Questions about the structure of sums of Cantor sets, as well as related questions on properties of convolutions of singular measures, appear in dynamical systems (due to persistent homoclinic tangencies and Newhouse phenomena), probabilities, number theory, and spectral theory. We will describe the recent results (joint with D.Damanik and B.Solomyak) that claim that under some natural technical conditions convolutions of measures of maximal entropy supported on dynamically dened Cantor sets in most cases (for almost all parameters in a one parameter family) are absolutely continuous. This provides a rigorous proof of absolute continuity of the density of states measure for the Square Fibonacci Hamiltonian in the low coupling regime, which was conjectured by physicists more than twenty years ago.

The Nobel Prize-winning discovery of quasicrystals has spurred much work in aperiodic sequences and tilings. Here, we present numerical experiments conducted by undergraduates at the Summer Math Institute at Cornell under our supervision. Building on our previous work involving one-dimensional discrete Schrodinger operators with potentials given by primitive invertible substitutions on two letters, we present preliminary numerical data on the box-counting dimension and Hausdorff dimension of the spectrum of operators with potentials given by the Thue-Morse sequence and period doubling sequence. We also present preliminary numerical data on the spectrum of the discrete Laplacian on the Penrose tiling and octagonal tiling.

My talk will be devoted to a (quick and very brief) introduction to the domino tilings (intensively studied during the last fifty years), the subject that is very simple in the origin, while giving almost immediately very beautiful images. My goal will be to explain (roughly), where does the "arctic circle" effect in tilings come from, meanwhile mentioning asymptotic shape of Young diagrams, entropy, height function and variational problems. If the time permits, I will speak about computation of determinants and permanents.

Take a finitely-generated group of (analytic) circle diffeomorphisms. Since the times of Poincaré we know that any such action admits either a finite orbit, or a Cantor minimal set, or the action is minimal on all the circle. But what else can be said on such a group?

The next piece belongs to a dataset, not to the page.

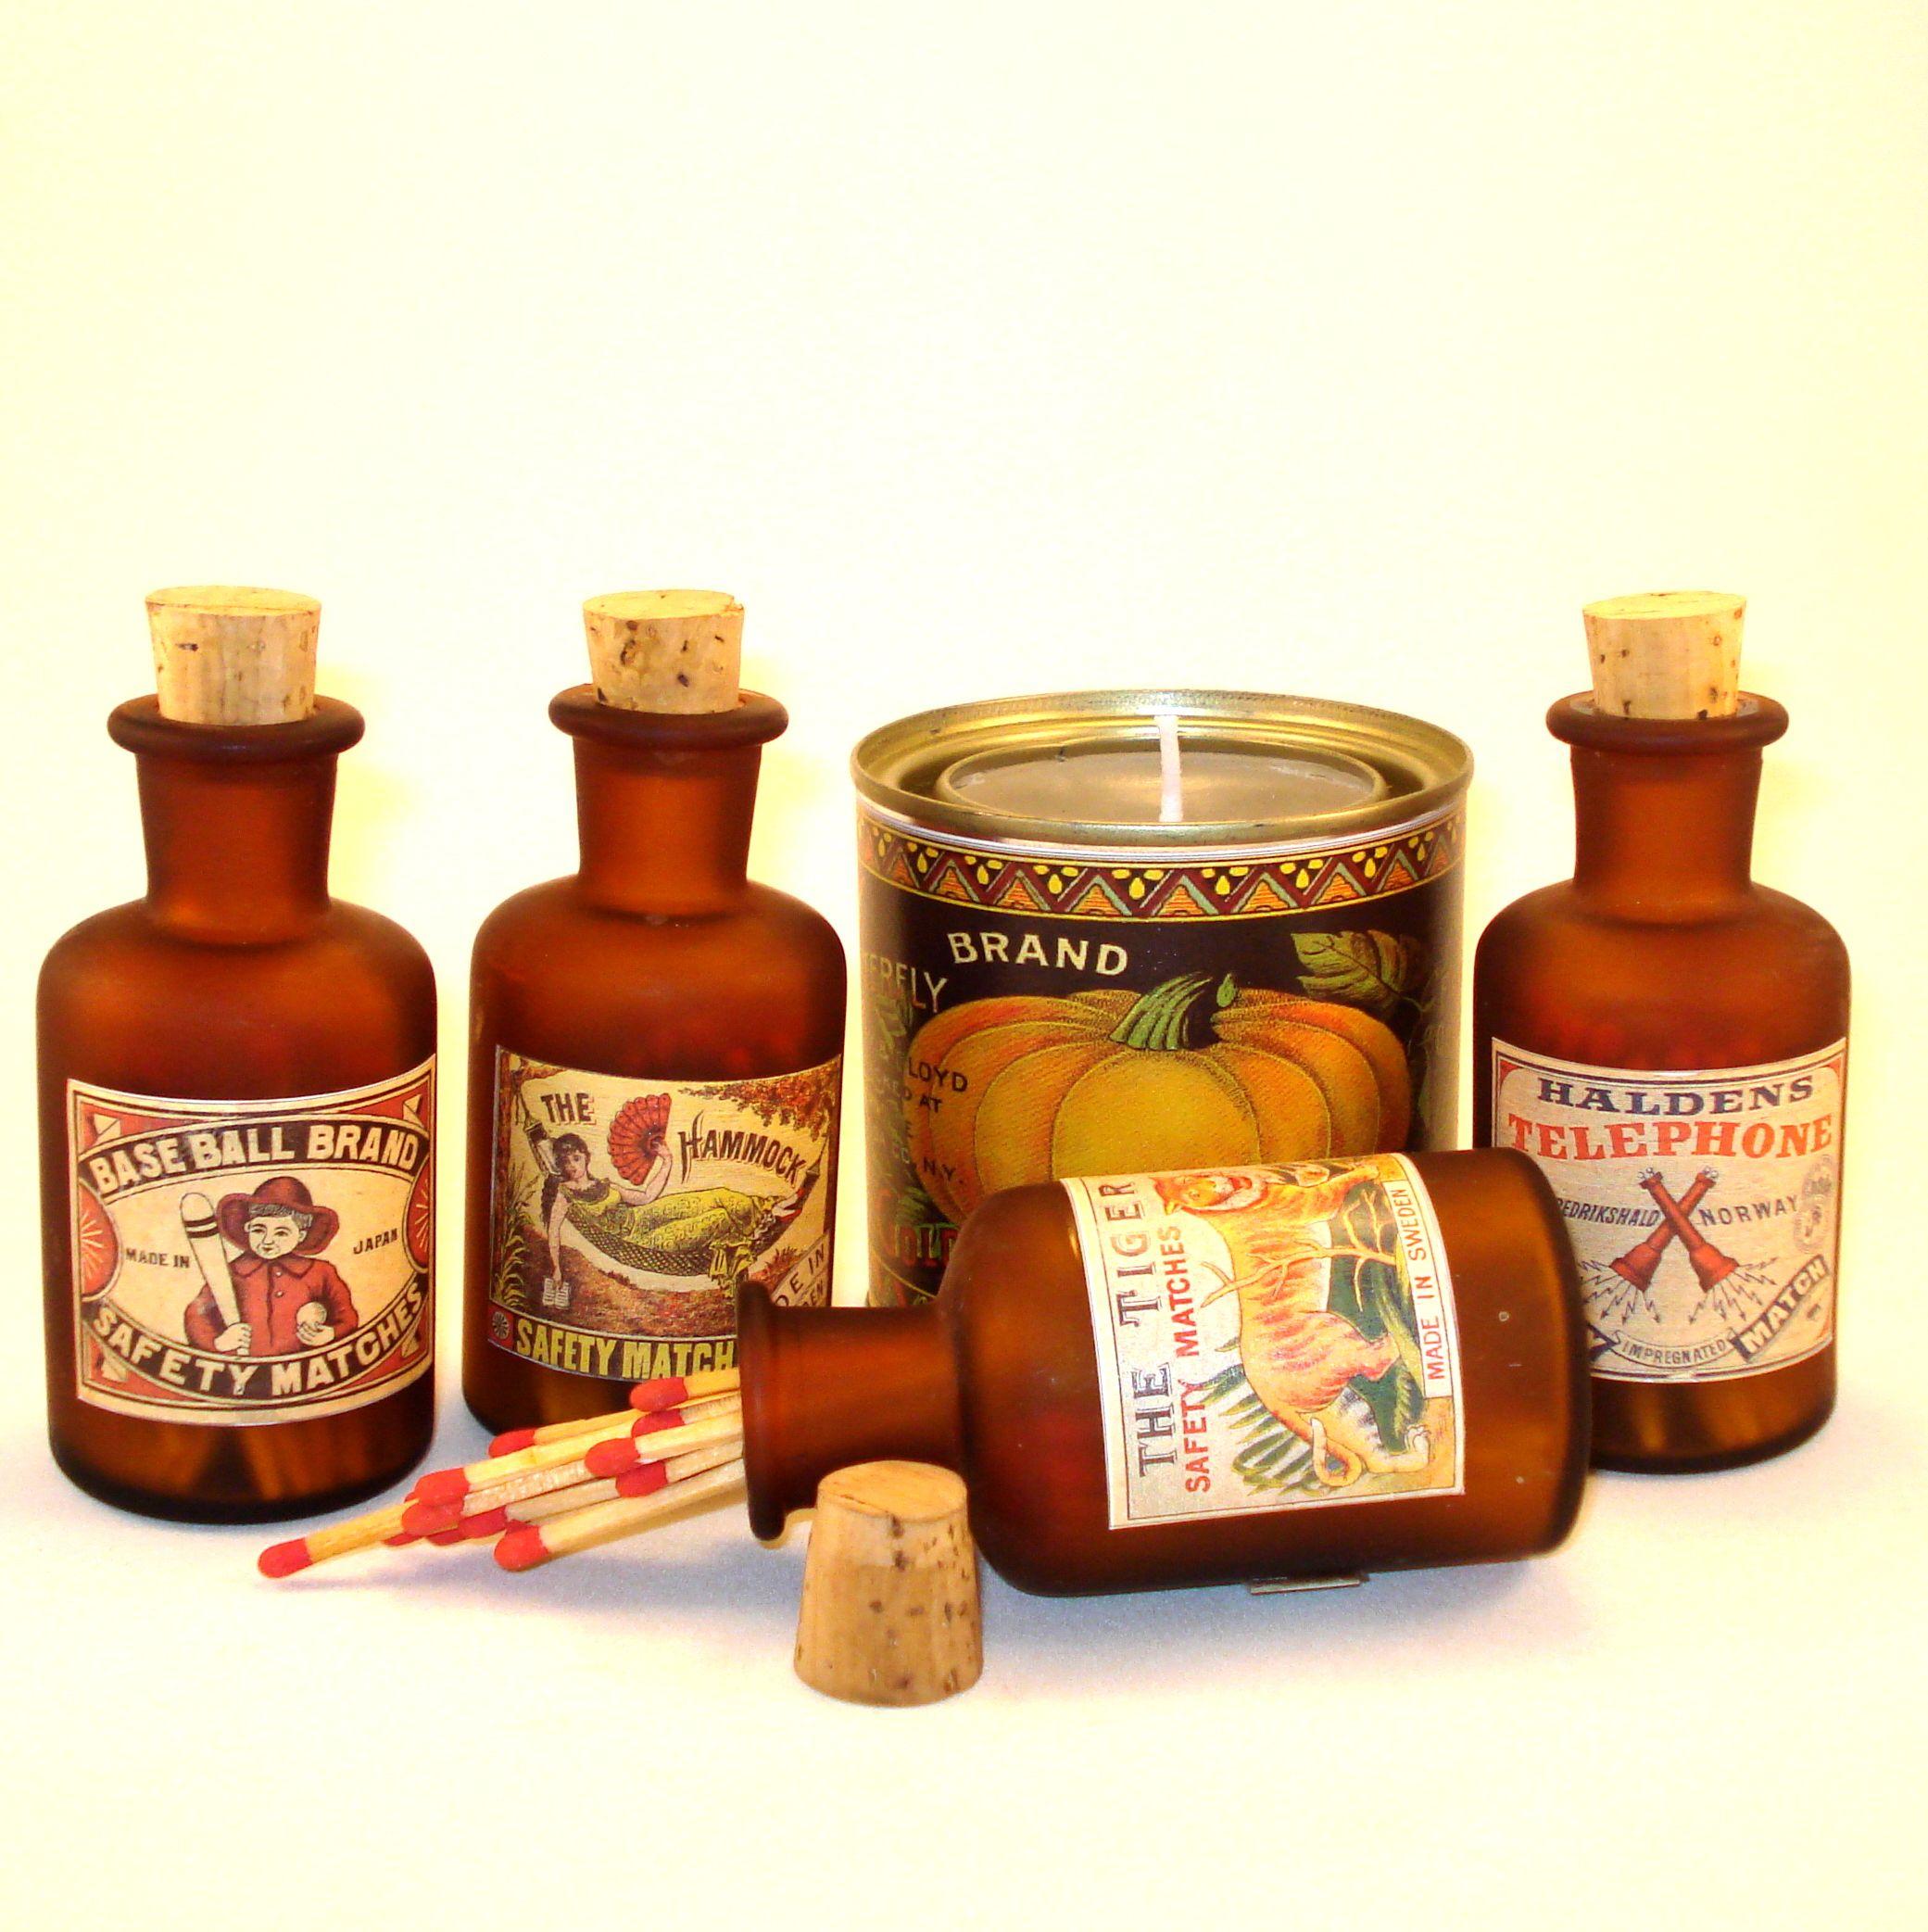 Linha de fósforos Vintage em frascos de antigas boticas e rótulos do inicio do século 20.

In this direction, there are well-known questions due to Sullivan, Ghys and Hector: assuming that such an action is minimal, is it necessarily Lebesgue-ergodic? If there is a Cantor minimal set, is it necessarily of a zero Lebesgue measure?

Our results provide a positive answer to the latter question, in some cases allow to resolve the former one and, more generally speaking, give some kind of understanding how a general characterization of an action can look like. This is a joint project with B. Deroin, D. Filimonov, and A. Navas.

As is well known, a class of one-dimensional lattice models, such as Ising models, Jacobi and CMV operators and others, are susceptible to renormalization analysis that can be carried out via the transfer matrix formalism. As a result, models on the one-dimensional lattice of a certain quasi-periodic type (namely, those generated by primitive substitutions) can be studied via dynamics of so-called trace maps, which are polynomial maps acting on the real (or complex) Euclidean space of appropriate dimension. A prominent example is the widely studied Fibonacci model. Much work has been done in this direction. At some point it became apparent that a model-independent framework, based on the dynamics of trace maps, can be built, that would cover essentially all models the relevant information of which is encapsulated in the traces of the associated transfer matrices (and, as experience has shown, this information is very difficult if not impossible to obtain via techniques other than the trace map). The purpose of this talk is to give a broad overview of past and very recent results on the dynamics of the Fibonacci trace map in a model-independent fashion, motivated by a class of models from physics, and with a view towards applications to those models. We shall cover hyperbolicity and partial hyperbolicity of the trace map and implications in spectral theory of Jacobi operators; some applications to Ising models; recent advances in understanding invariant measures on the invariant hyperbolic sets and implications for the density of states measures for the Jacobi operators; the Newhouse phenomenon and mixed behavior with large (in the sense of Hausdorff dimension) chaotic sea, and some connections with kicked two-level systems. Time permitting, we shall also state some open problems.